Dataset and Case Studies for Visual Near-Duplicates Detection in the
Context of Social Media
- URL: http://arxiv.org/abs/2203.07167v1
- Date: Mon, 14 Mar 2022 15:10:30 GMT
- Title: Dataset and Case Studies for Visual Near-Duplicates Detection in the
Context of Social Media
- Authors: Hana Matatov, Mor Naaman, Ofra Amir
- Abstract summary: Tracking visually-similar content is an important task for studying and analyzing social phenomena related to the spread of such content.
We build a dataset of social media images and evaluate visual near-duplicates retrieval methods based on image retrieval and several advanced visual feature extraction methods.
- Score: 11.569861200214294
- License: http://creativecommons.org/licenses/by/4.0/
- Abstract: The massive spread of visual content through the web and social media poses
both challenges and opportunities. Tracking visually-similar content is an
important task for studying and analyzing social phenomena related to the
spread of such content.

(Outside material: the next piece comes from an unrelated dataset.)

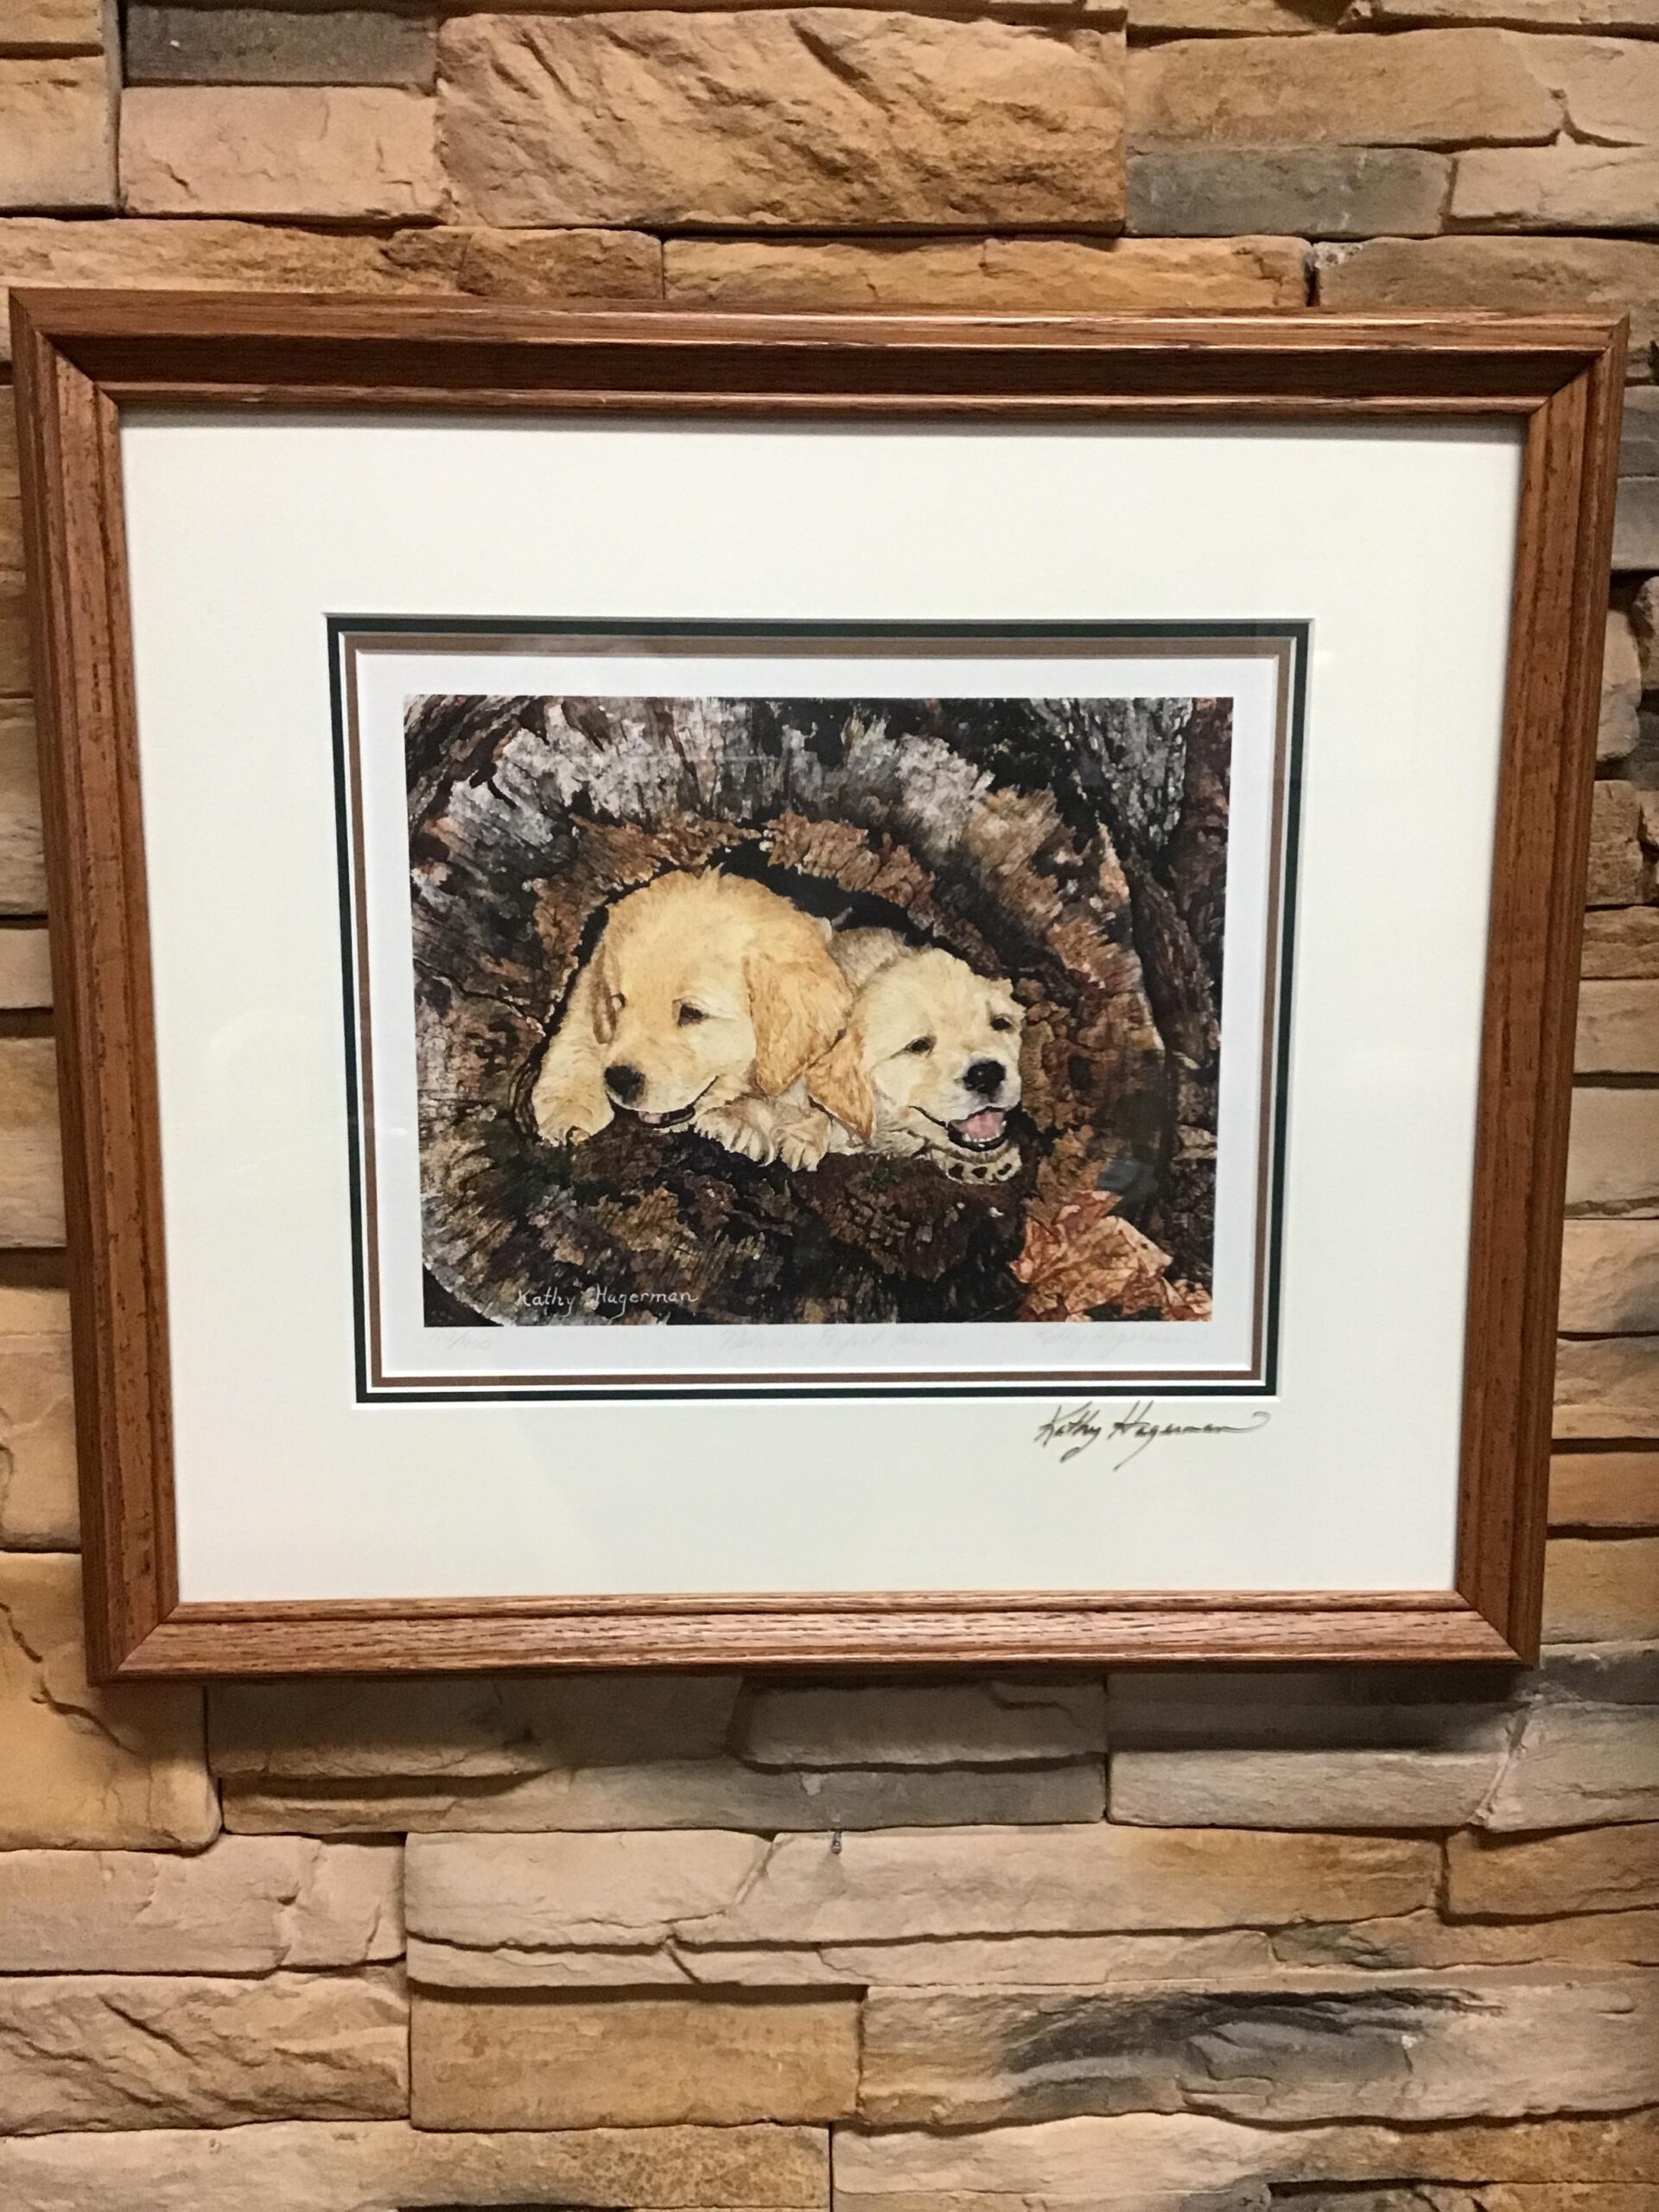 Kathy Hagerman Framed Print ‘Nature’s Perfect Home’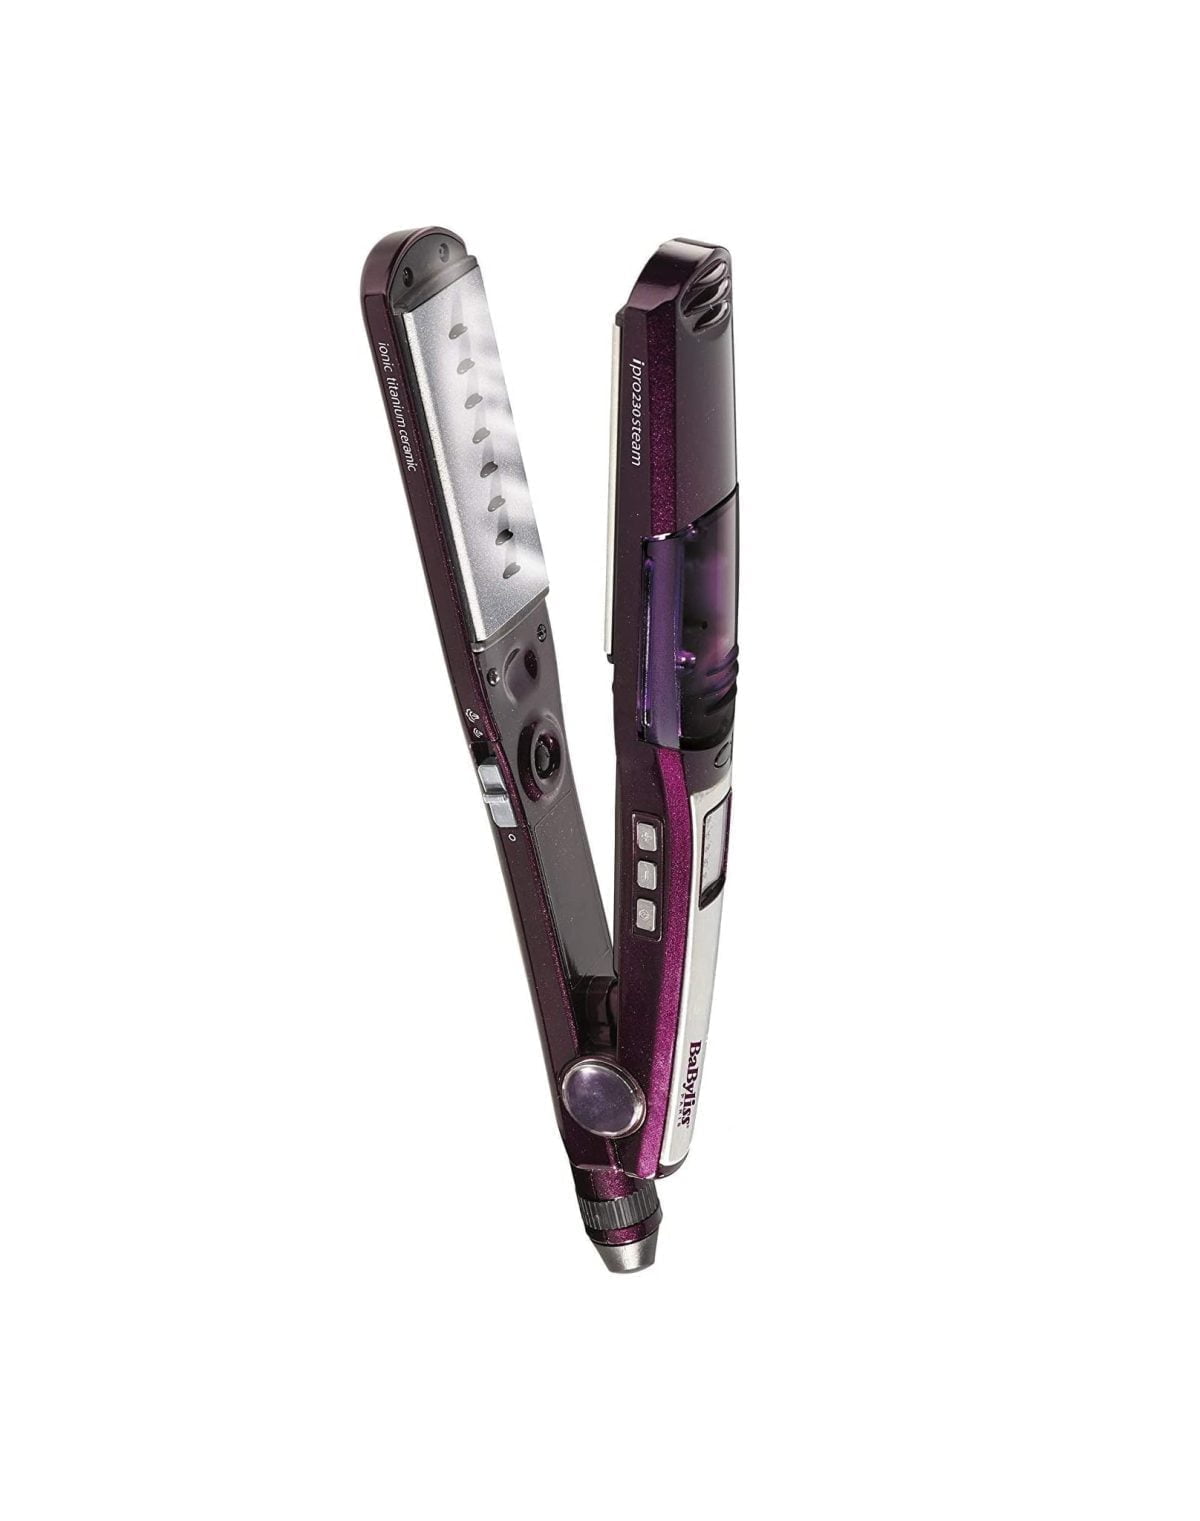 61L4Hrvstrl. Ac Sl1500 Babyliss &Lt;H1&Gt;Babyliss 369 St395E Hair Straightener Ipro 230 Steam, Purple&Lt;/H1&Gt; Https://Www.youtube.com/Watch?V=Zoyqrbmdgyg &Lt;Ul Class=&Quot;A-Unordered-List A-Vertical A-Spacing-Mini&Quot;&Gt; &Lt;Li&Gt;&Lt;Span Class=&Quot;A-List-Item&Quot;&Gt; Effect : Smooth &Lt;/Span&Gt;&Lt;/Li&Gt; &Lt;Li&Gt;&Lt;Span Class=&Quot;A-List-Item&Quot;&Gt; Maximum Temperature: 230 ° C &Lt;/Span&Gt;&Lt;/Li&Gt; &Lt;Li&Gt;&Lt;Span Class=&Quot;A-List-Item&Quot;&Gt; The Steam Hydrate The Hair And Relaxes The Hair Fiber For Hair 4 Times Smoother , 2 Times Longer In One Pass ! &Lt;/Span&Gt;&Lt;/Li&Gt; &Lt;Li&Gt;&Lt;Span Class=&Quot;A-List-Item&Quot;&Gt; Suitable For All Hair Types Even The Most Difficult To Smooth . &Lt;/Span&Gt;&Lt;/Li&Gt; &Lt;/Ul&Gt; Hair Straightener Babyliss 369 St395E Hair Straightener Ipro 230 Steam, Purple

In this paper, we address this need by building a
dataset of social media images and evaluating visual near-duplicates retrieval
methods based on image retrieval and several advanced visual feature extraction
methods. We evaluate the methods using a large-scale dataset of images we crawl
from social media and their manipulated versions we generated, presenting
promising results in terms of recall. We demonstrate the potential of this
method in two case studies: one that shows the value of creating systems
supporting manual content review, and another that demonstrates the usefulness
of automatic large-scale data analysis.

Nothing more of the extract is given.